§ **WHAT TO PRODUCE**
Please repeat only the lines below starting at the line that holds "High-voltage line insulators" and ending at the line that holds "Big Evil Smiley", exactly, with both of those lines included and every picture omitted.

§ **PROVIDED INFORMATION**
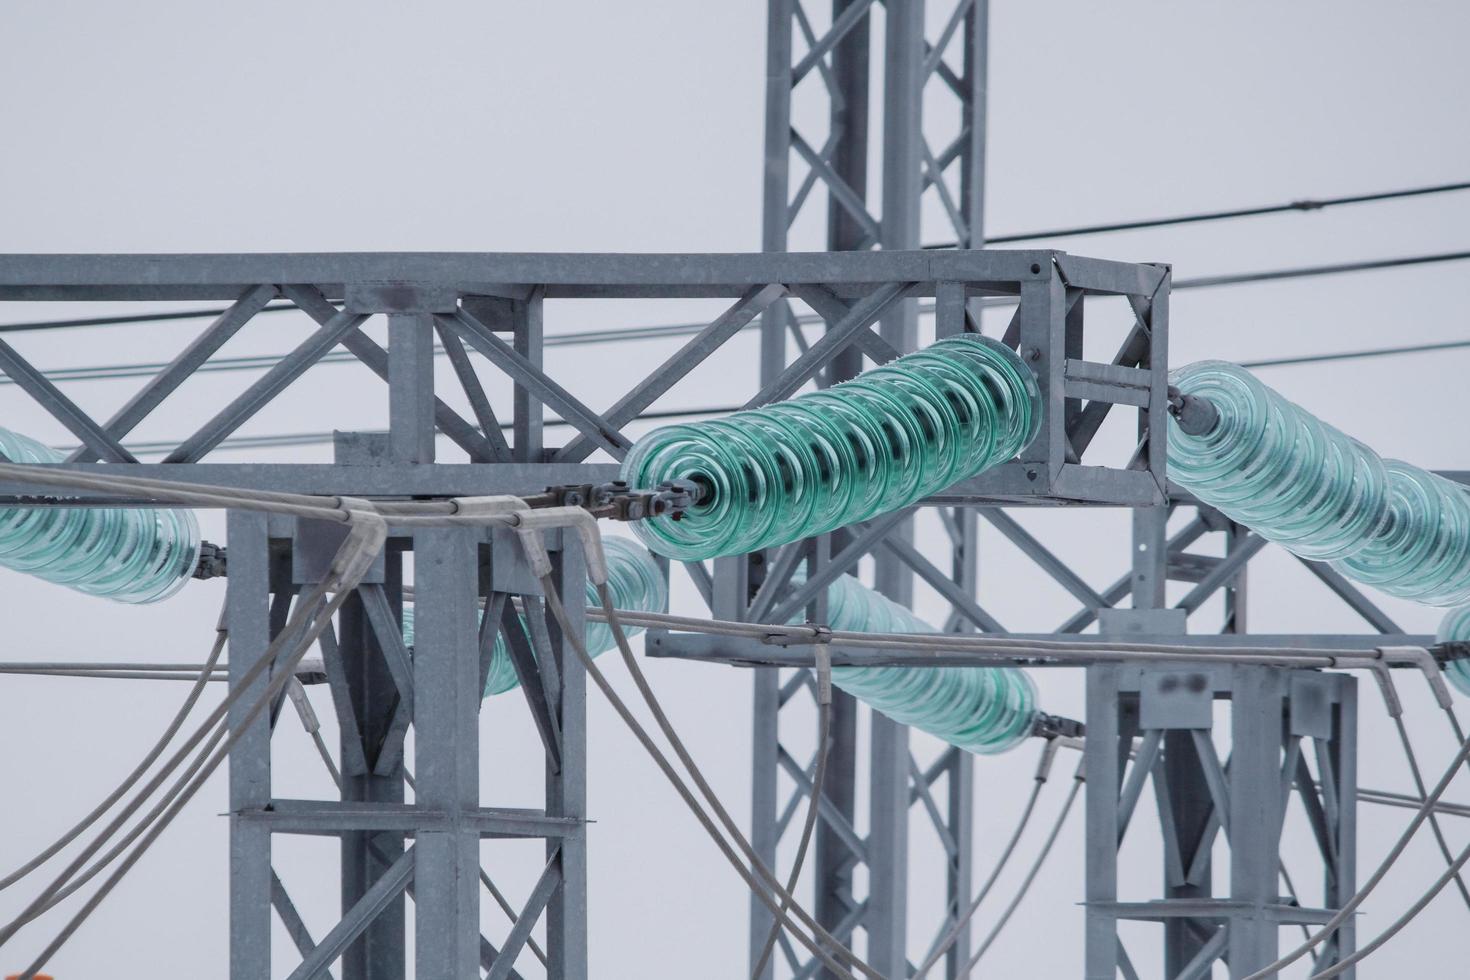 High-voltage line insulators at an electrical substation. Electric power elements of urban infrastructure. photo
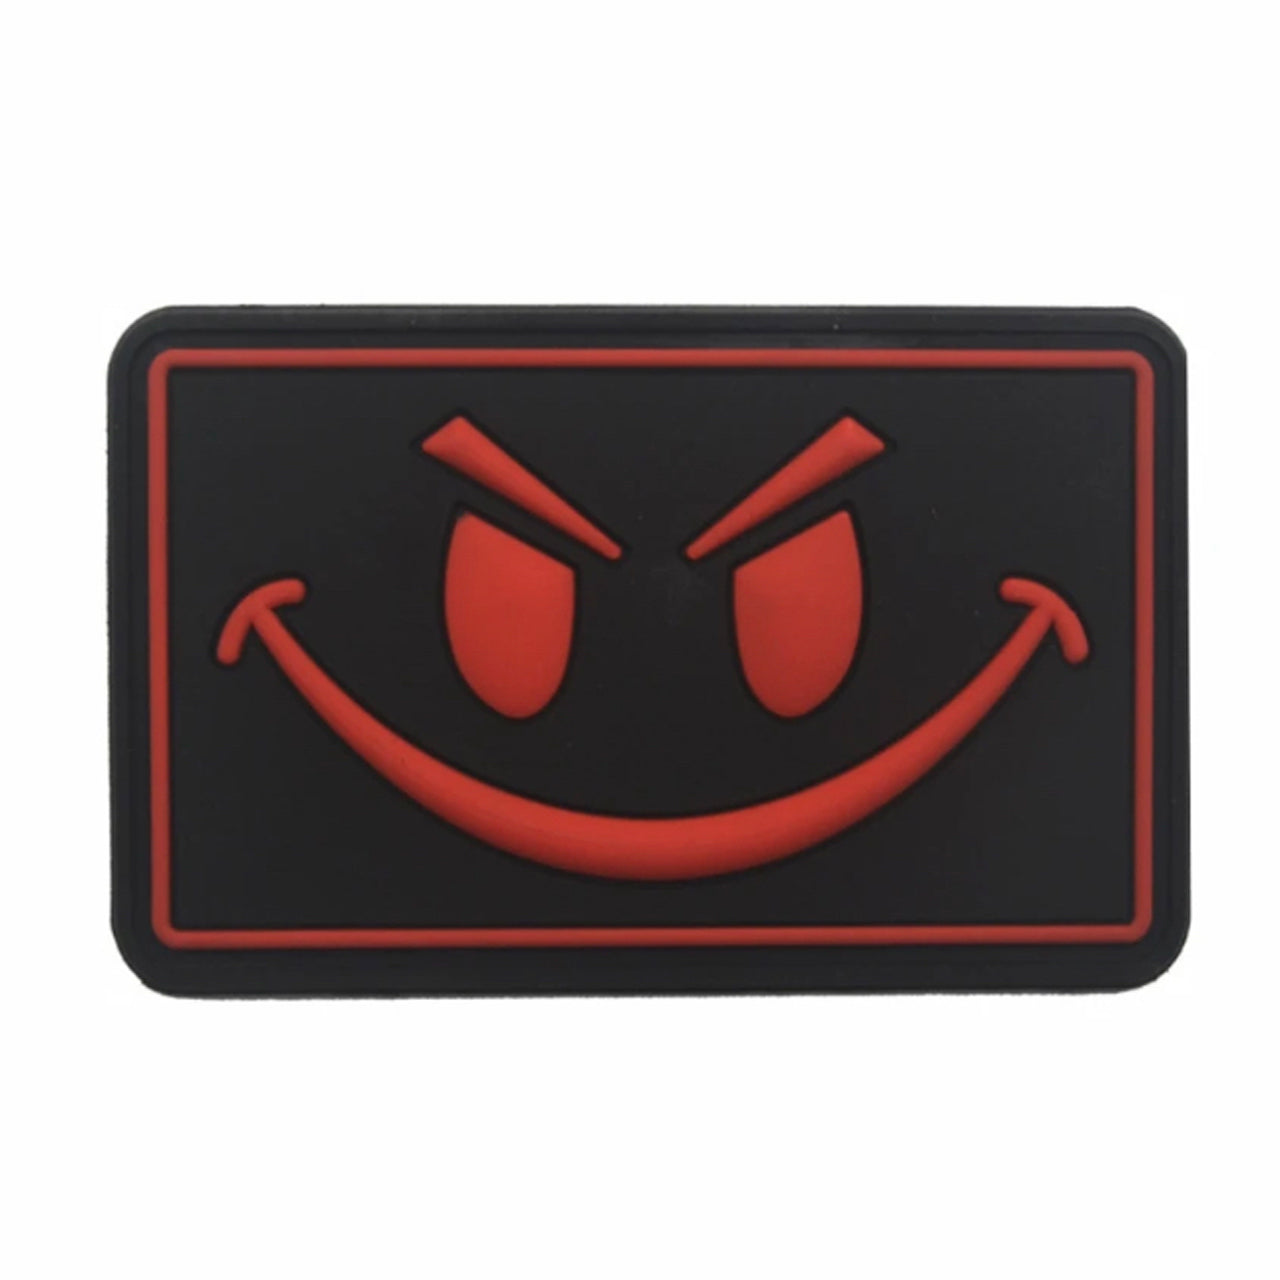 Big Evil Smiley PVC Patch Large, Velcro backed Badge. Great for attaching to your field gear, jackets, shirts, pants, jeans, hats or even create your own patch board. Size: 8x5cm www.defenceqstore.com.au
--
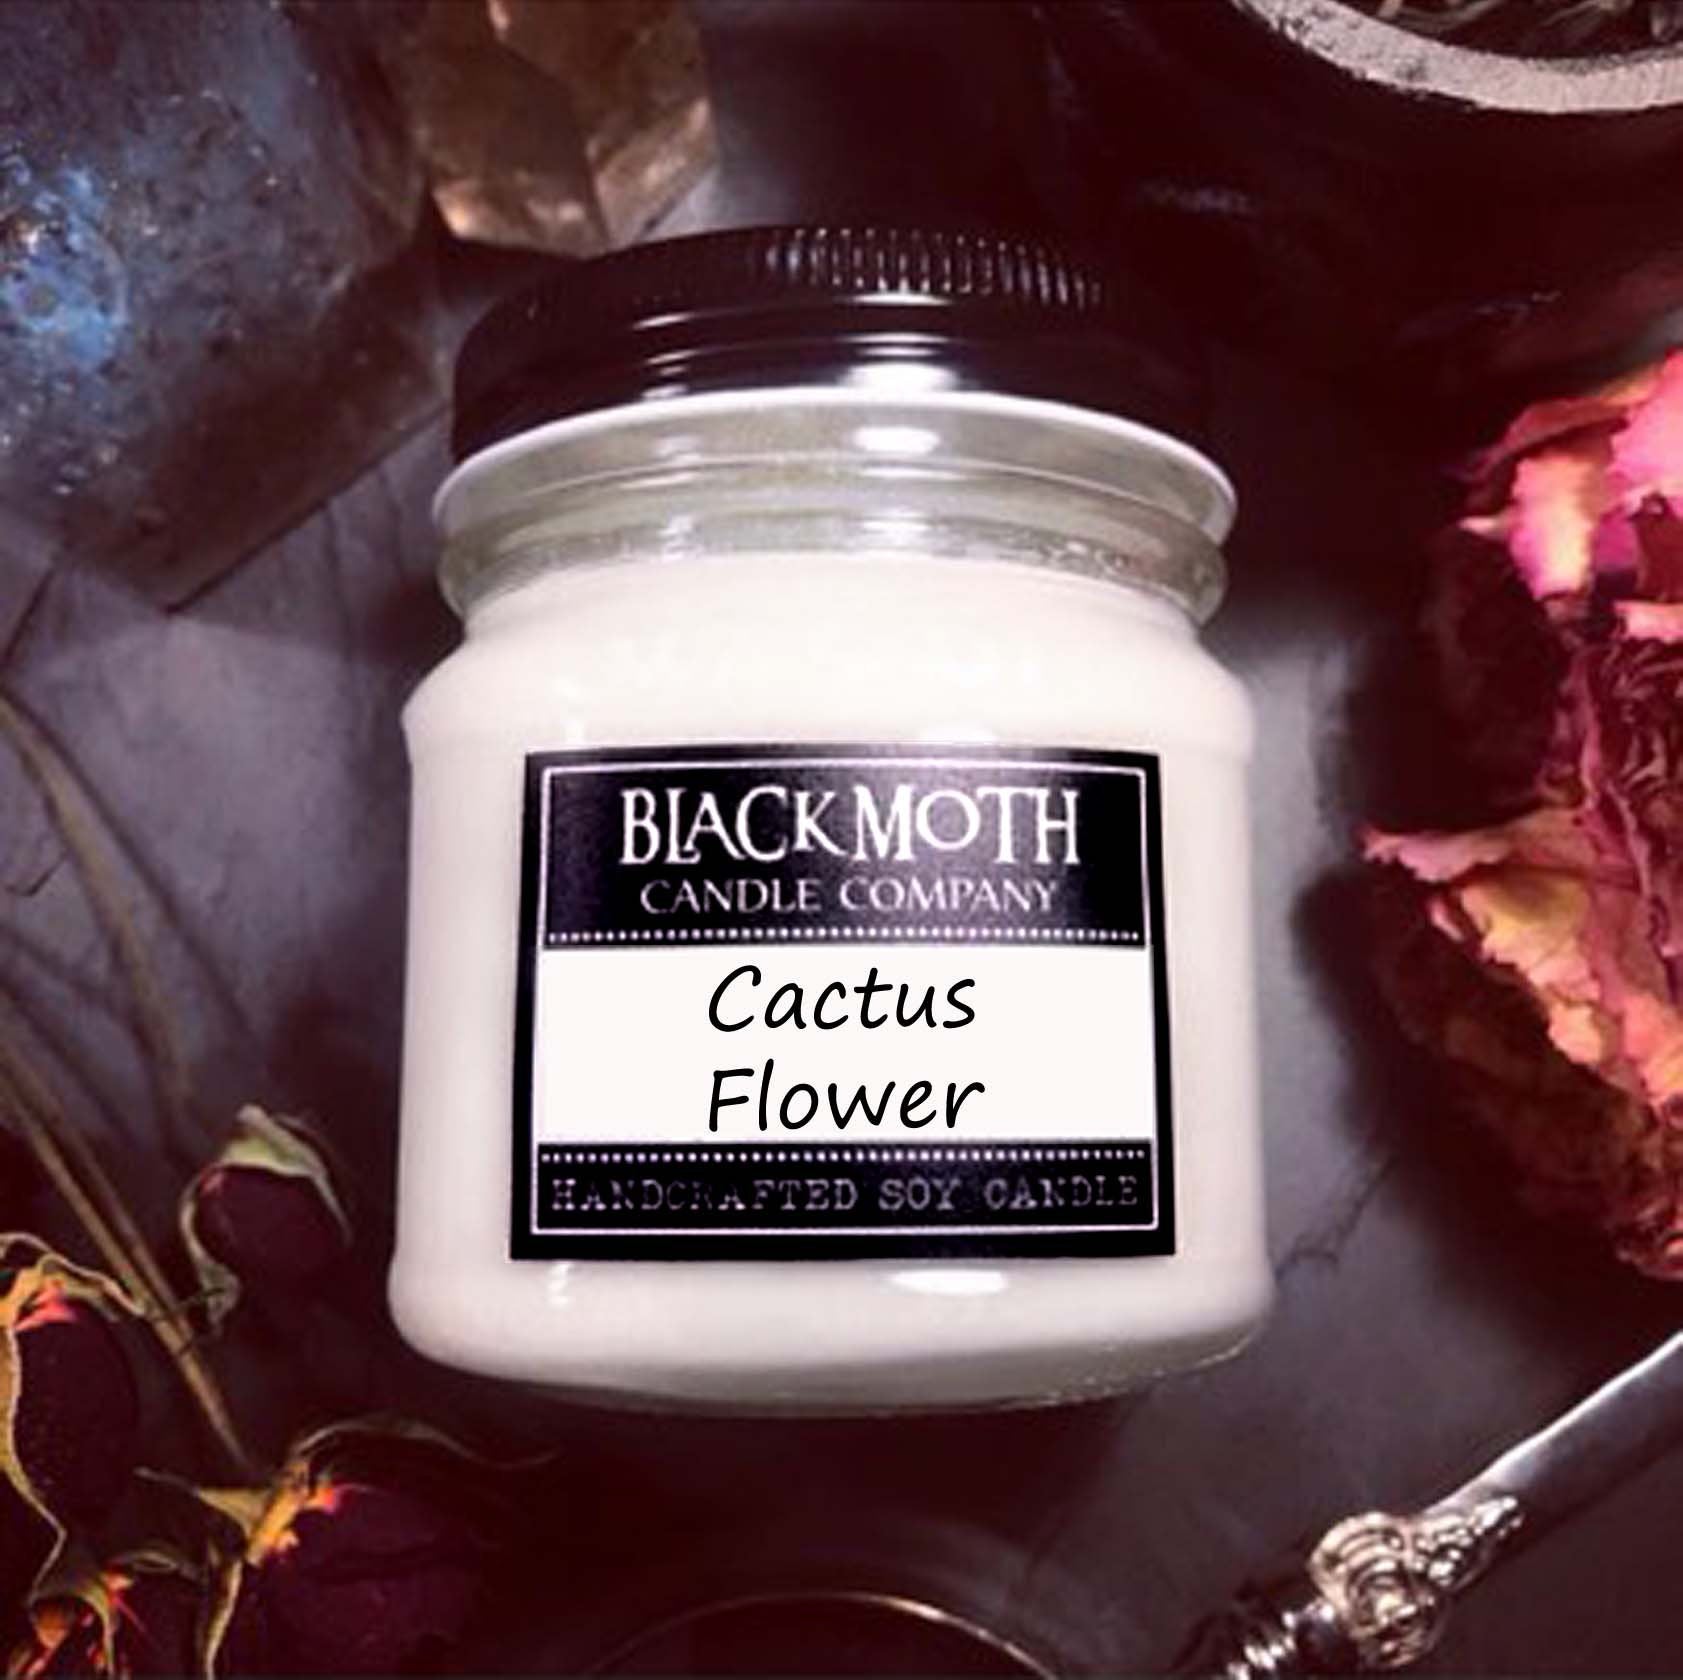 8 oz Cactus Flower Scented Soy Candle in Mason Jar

§ **REPLY TO THE TASK**
 High-voltage line insulators at an electrical substation. Electric power elements of urban infrastructure. photo
 Big Evil Smiley PVC Patch Large, Velcro backed Badge. Great for attaching to your field gear, jackets, shirts, pants, jeans, hats or even create your own patch board. Size: 8x5cm www.defenceqstore.com.au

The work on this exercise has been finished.